*Task requirements:* Could you output exactly the lines running from the one containing "hand holding a pressure gauge" to the final line of the listing below, leaving out pictures?

*Given material:*
--------------------
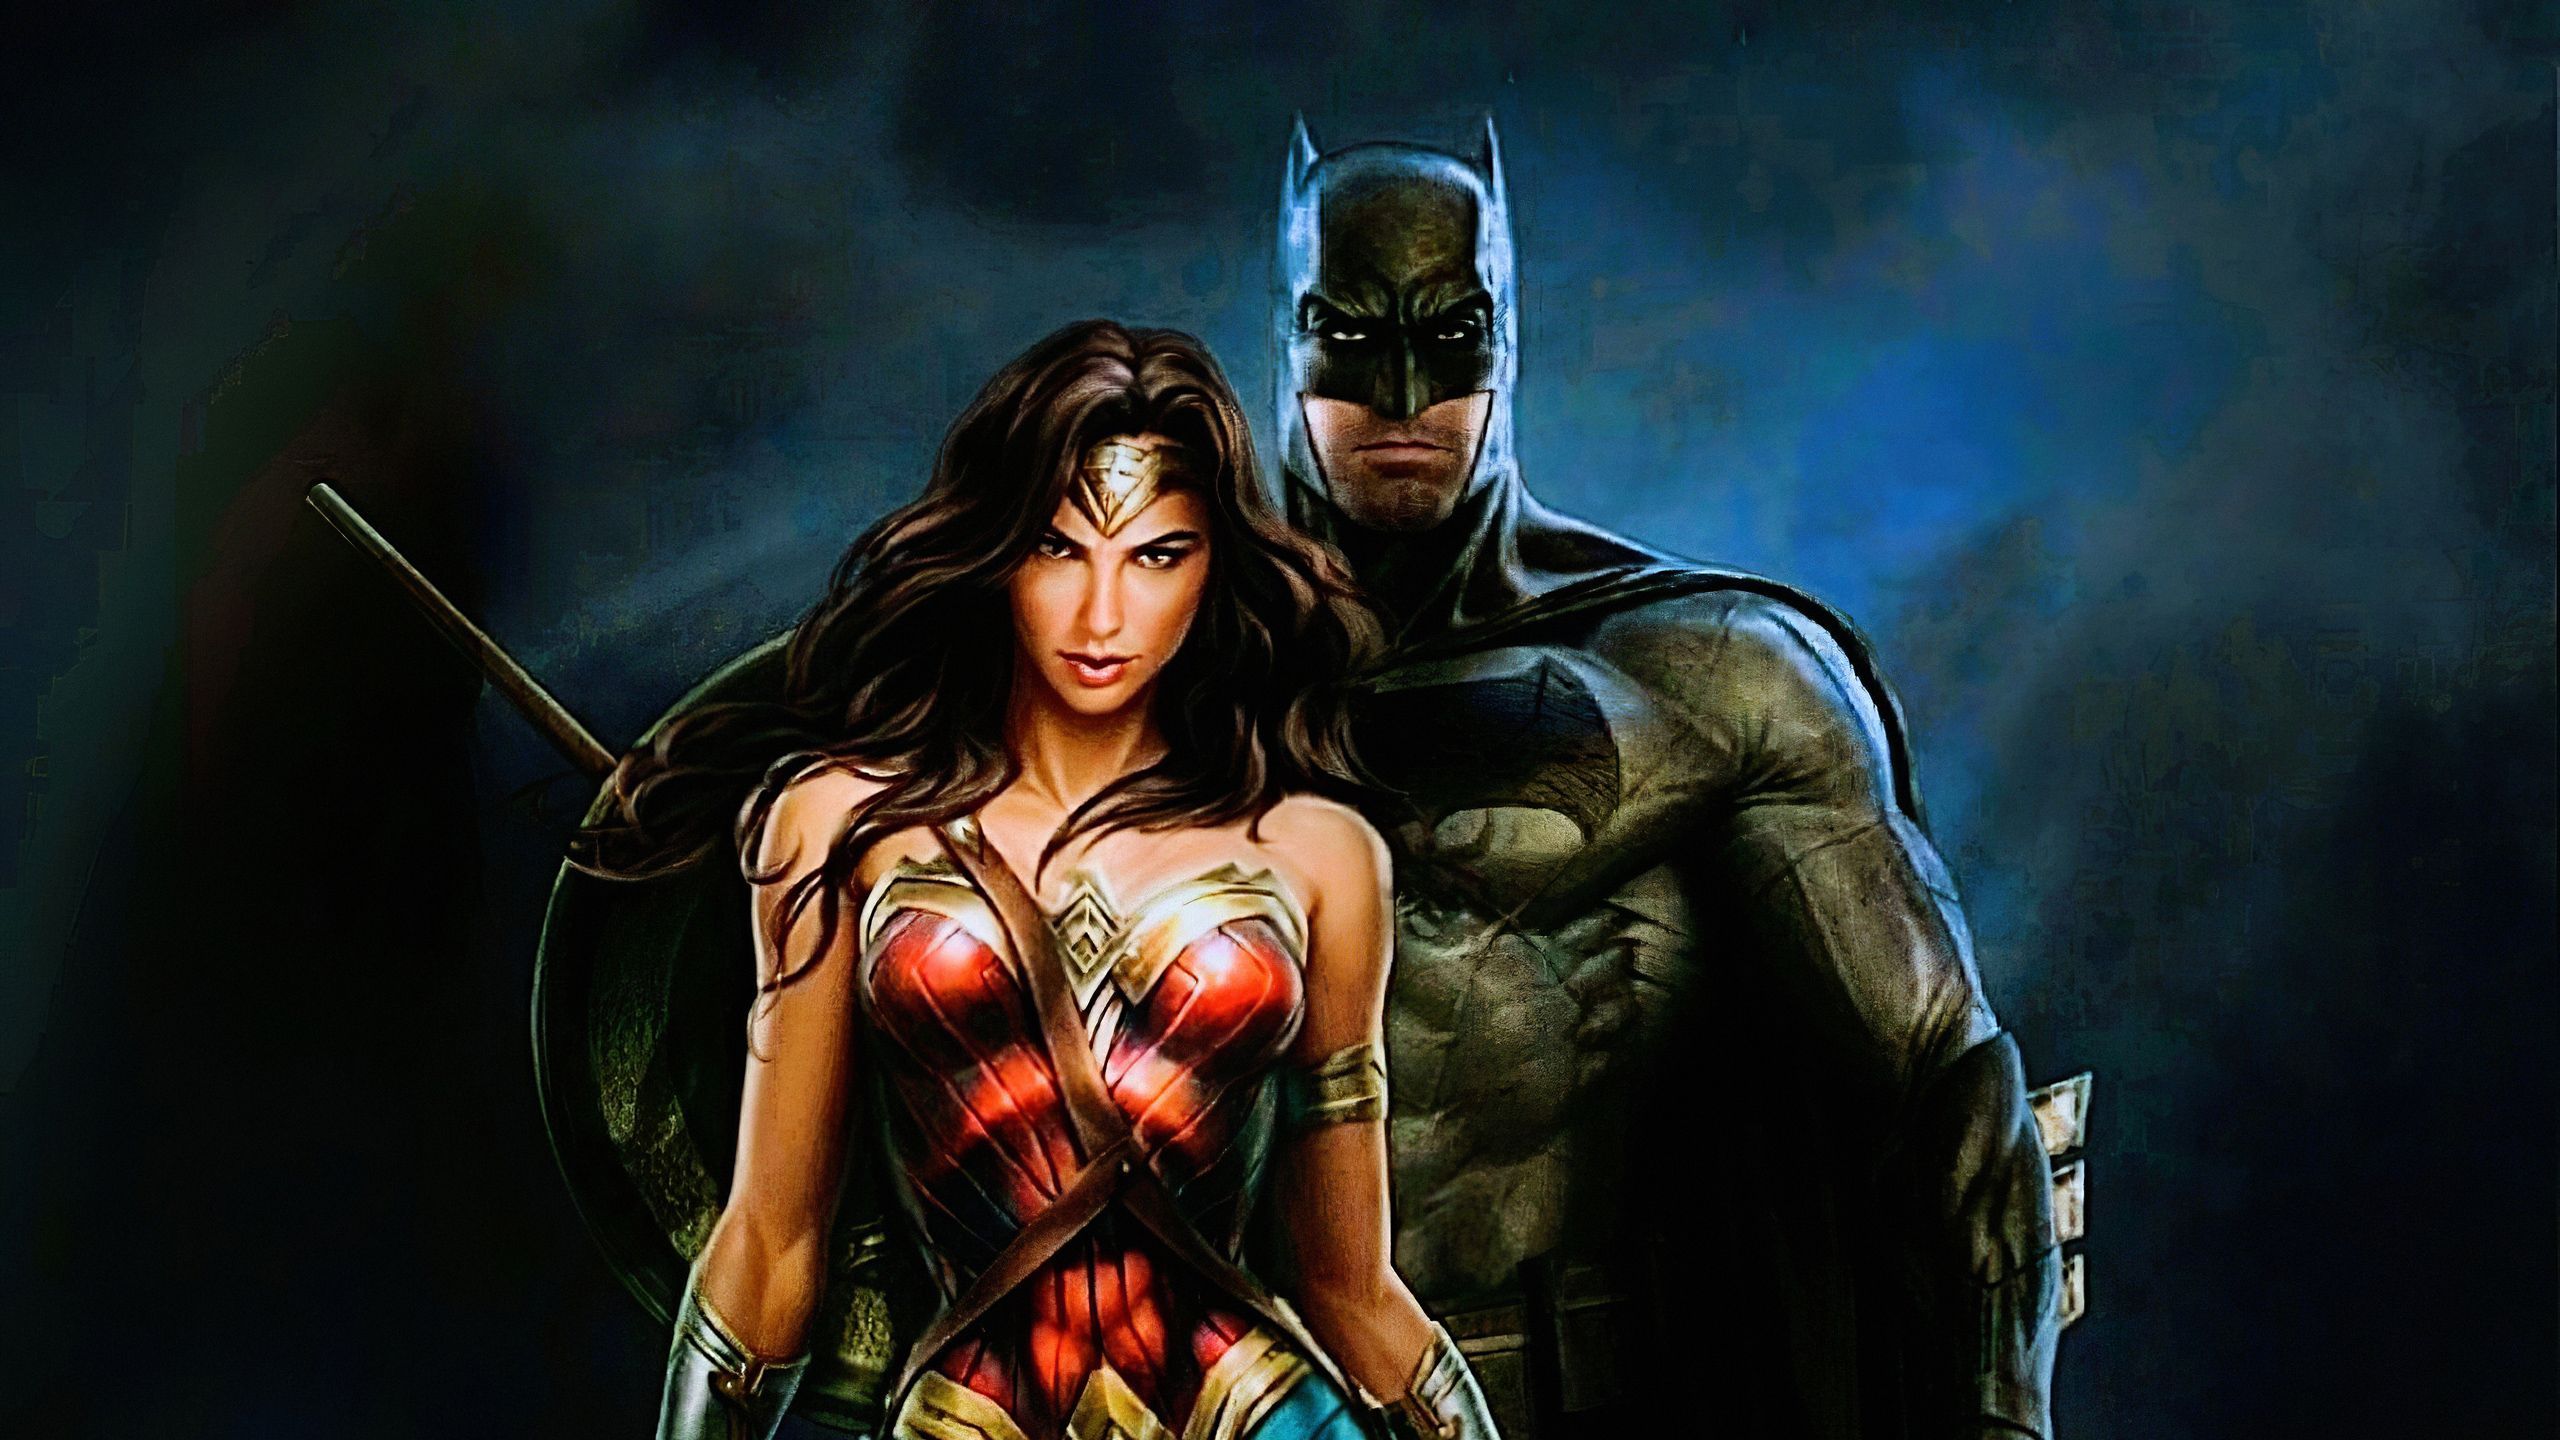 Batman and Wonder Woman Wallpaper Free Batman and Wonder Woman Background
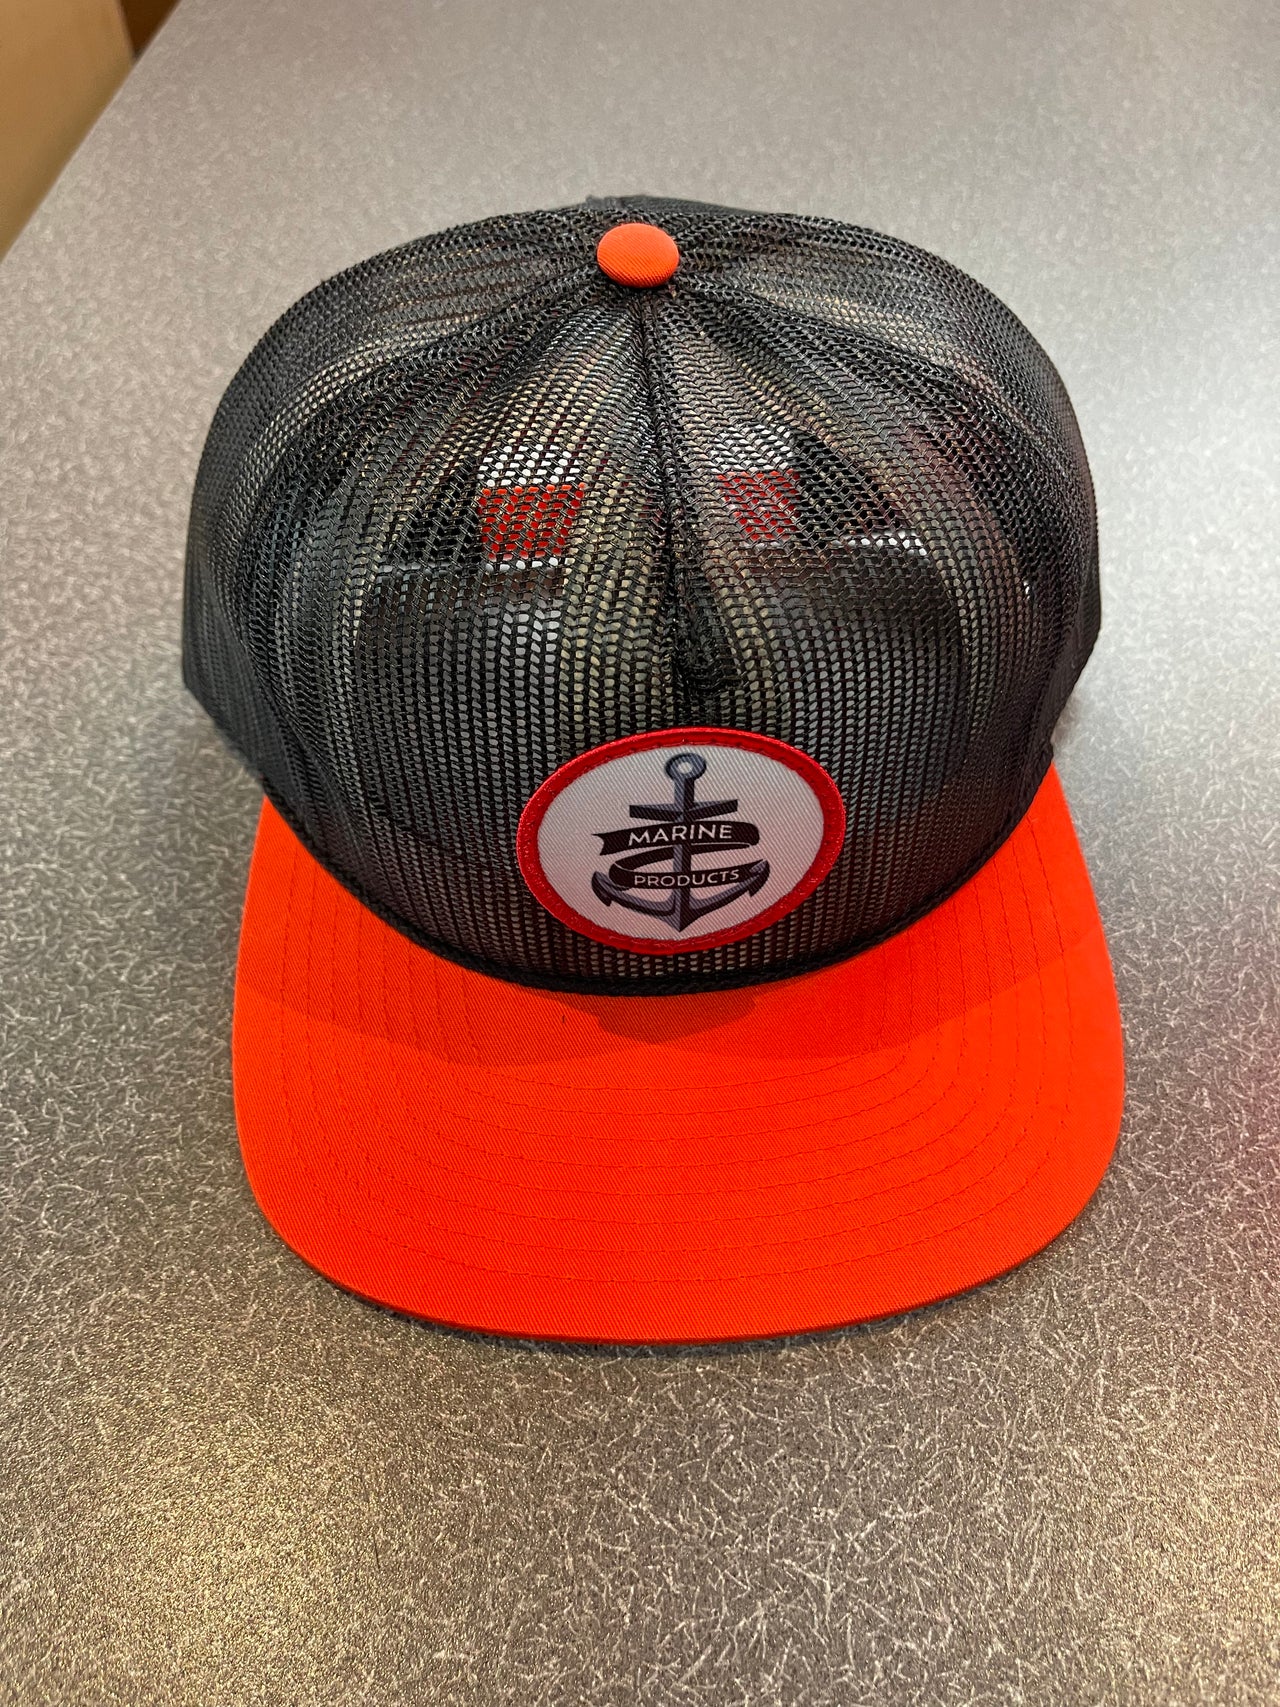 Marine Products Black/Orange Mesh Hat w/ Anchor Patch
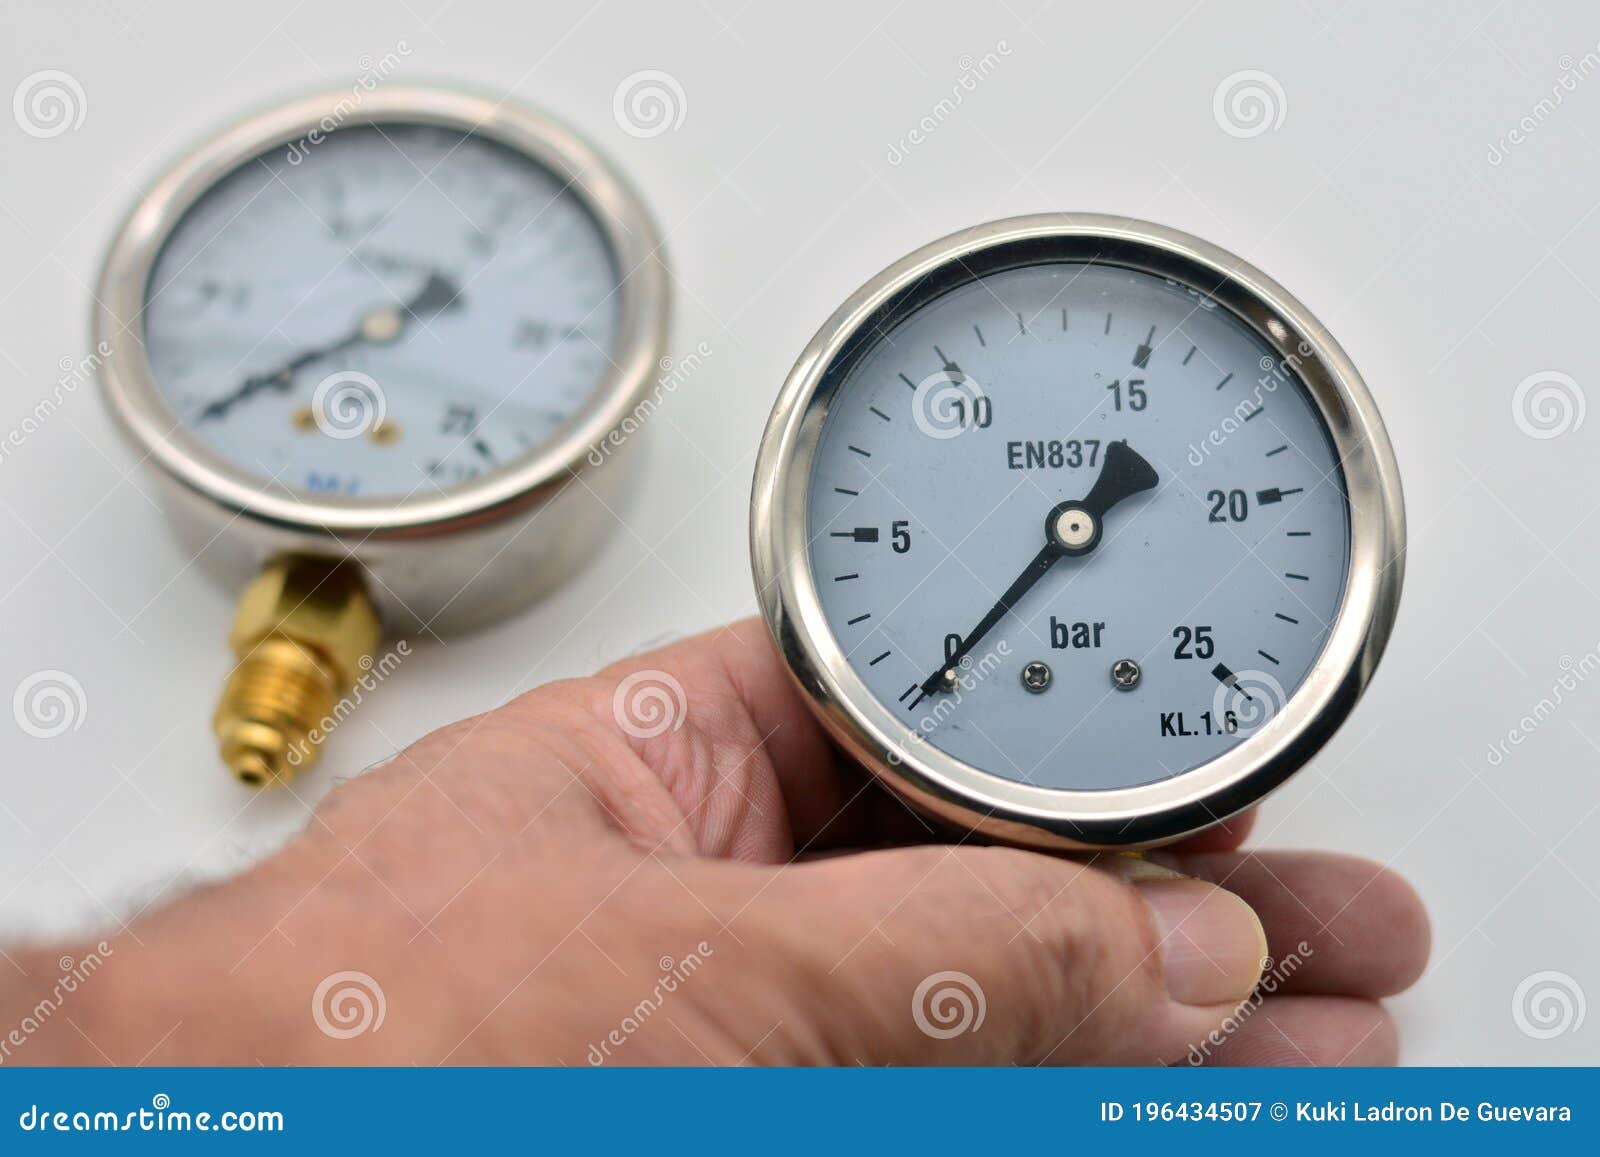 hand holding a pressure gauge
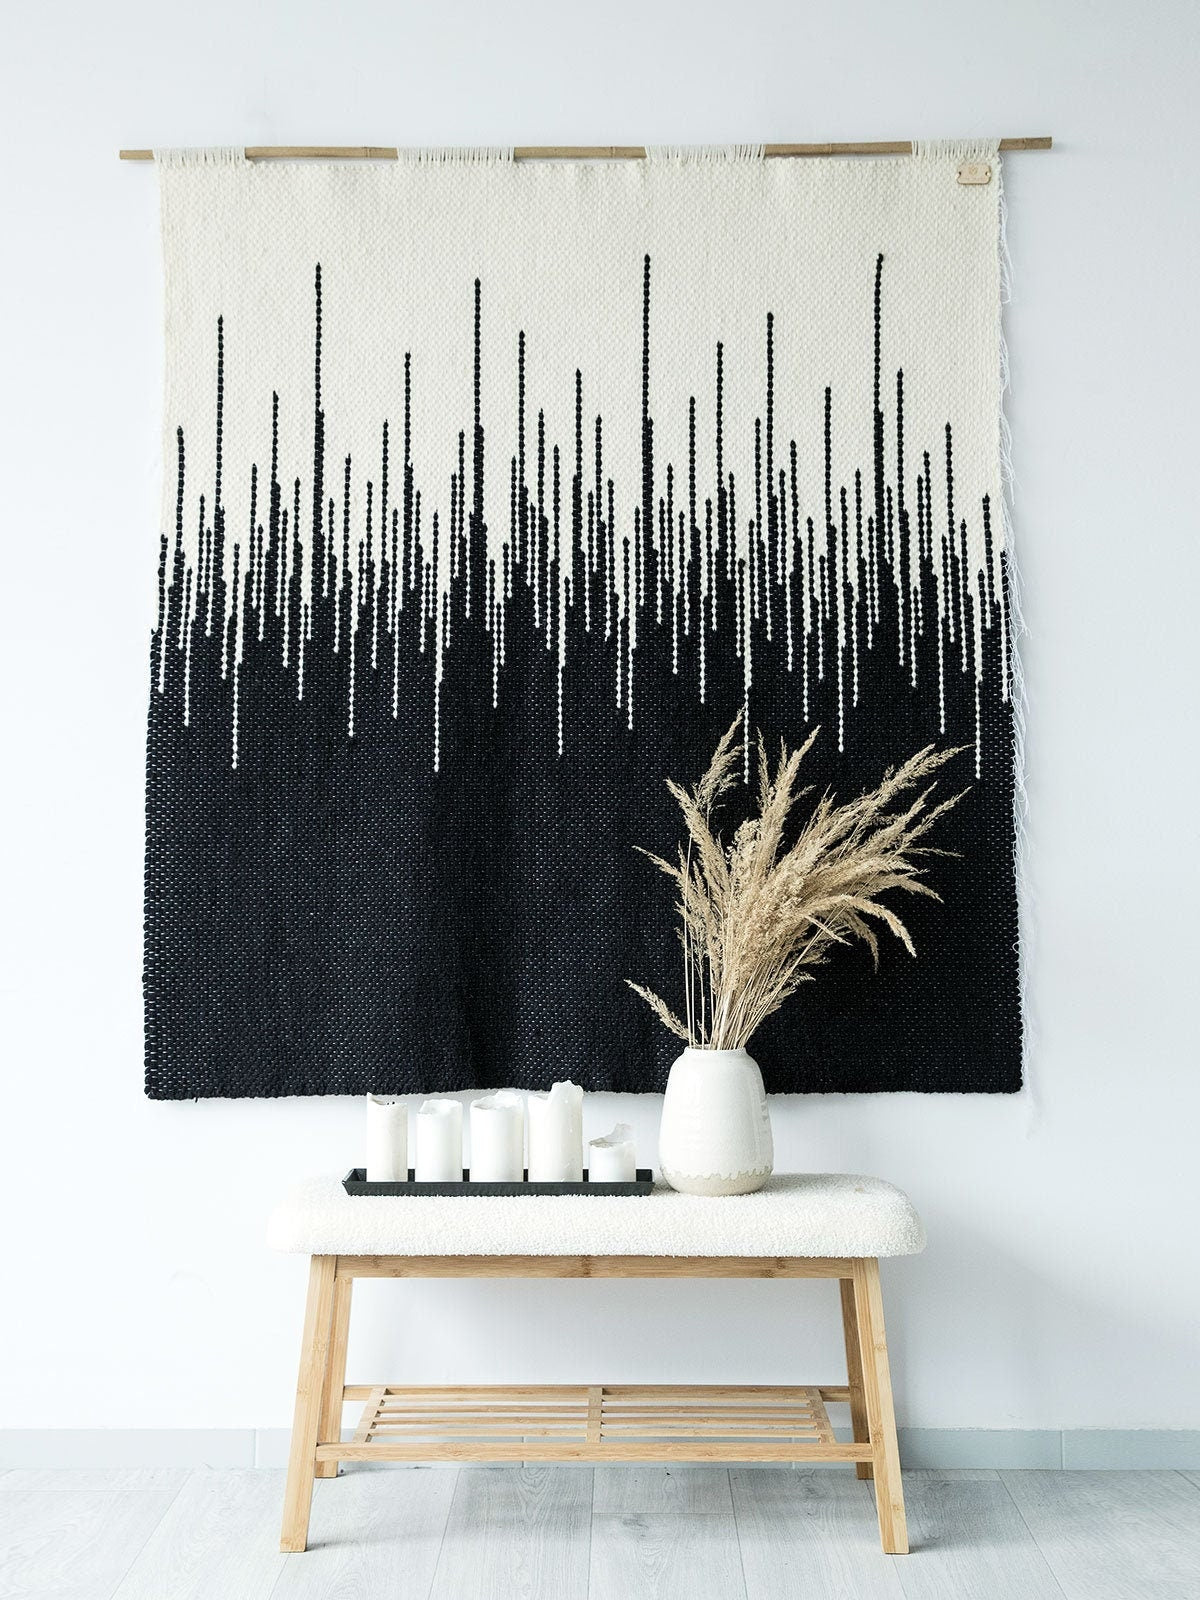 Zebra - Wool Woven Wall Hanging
--------------------
*Output for this exercise:*
 hand holding a pressure gauge
 Zebra - Wool Woven Wall Hanging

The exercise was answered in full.